Are you sure the pods are actually getting restarted correctly? The logs indicate the event: Deleting stuck pod: dogfood-dc2-default-sts-1. Reason: Pod got stuck after Cassandra container terminated.

And this isn't very fast operation, that kill reason requires the -sts-1 pod's cassandra container to have been terminated for 10 minutes.

What is preventing the pod from restarting once cassandra container has died? One of the containers is still alive after cassandra container was killed, was it medusa or busybox (jmx-credentials) ?

adejanovski commented 2 years ago

Are you sure the pods are actually getting restarted correctly?

What do you mean by that? Everything starts with a rolling restart where -sts-2 gets restarted, but followed too quickly by -sts-1. I can assure you that only a few seconds have passed between these restarts.

What is preventing the pod from restarting once cassandra container has died? One of the containers is still alive after cassandra container was killed, was it medusa or busybox (jmx-credentials) ?

Could be medusa indeed, it is deployed on this cluster.

burmanm commented 2 years ago

What do you mean by that? Everything starts with a rolling restart where -sts-2 gets restarted, but followed too quickly by -sts-1. I can assure you that only a few seconds have passed between these restarts.

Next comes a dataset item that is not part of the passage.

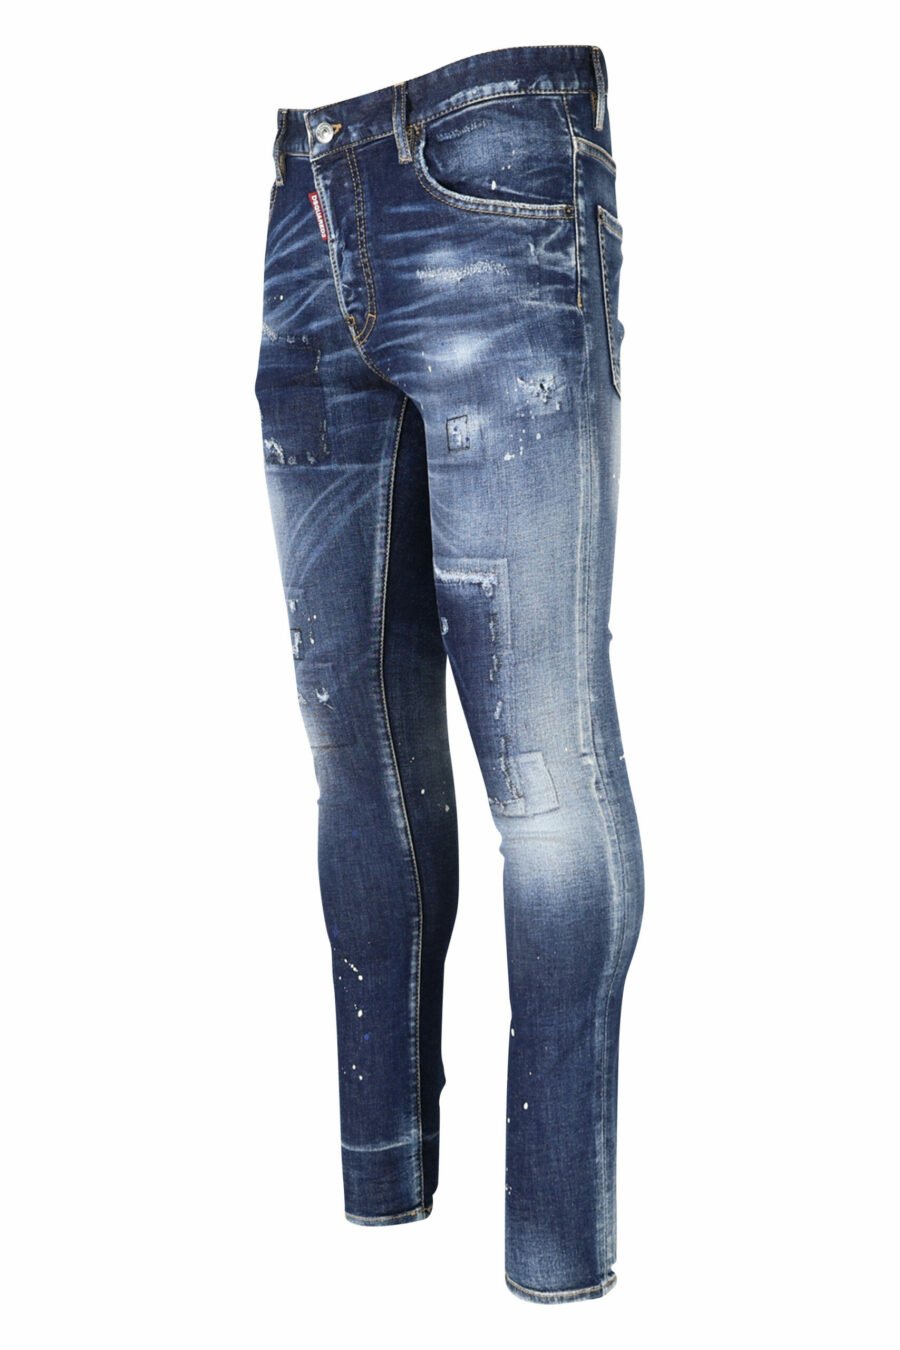 Blue "super twinky jean" jeans with patch and frayed - 8054148104863 1 scaled

That's not what the logs you pasted said. It does not say anything about restarting -sts-1, it's not the rolling restart process that caused the -sts-1 to be restarted in this case.

It is triggering this code for -sts-1: https://github.com/k8ssandra/cass-operator/blob/fd79c991396ec80546786e28a8a8697e21cd886d/pkg/reconciliation/reconcile_racks.go#L1284

And that means Kubernetes has reported the -sts-1 has had cassandra container dead for 10 minutes. The actual rolling restart logs another line, which is not where your logs are pointing at (indicating that either that pod was never restarted by cass-operator or that the log is not the entire log, but a snippet telling incomplete story).

"Restarting Cassandra for pod %s", pod.Name is an event it would create when rolling restart process is triggered. But we only see that for -sts-2 in the logs, -sts-1 and -sts-0 were never part of that process in that log.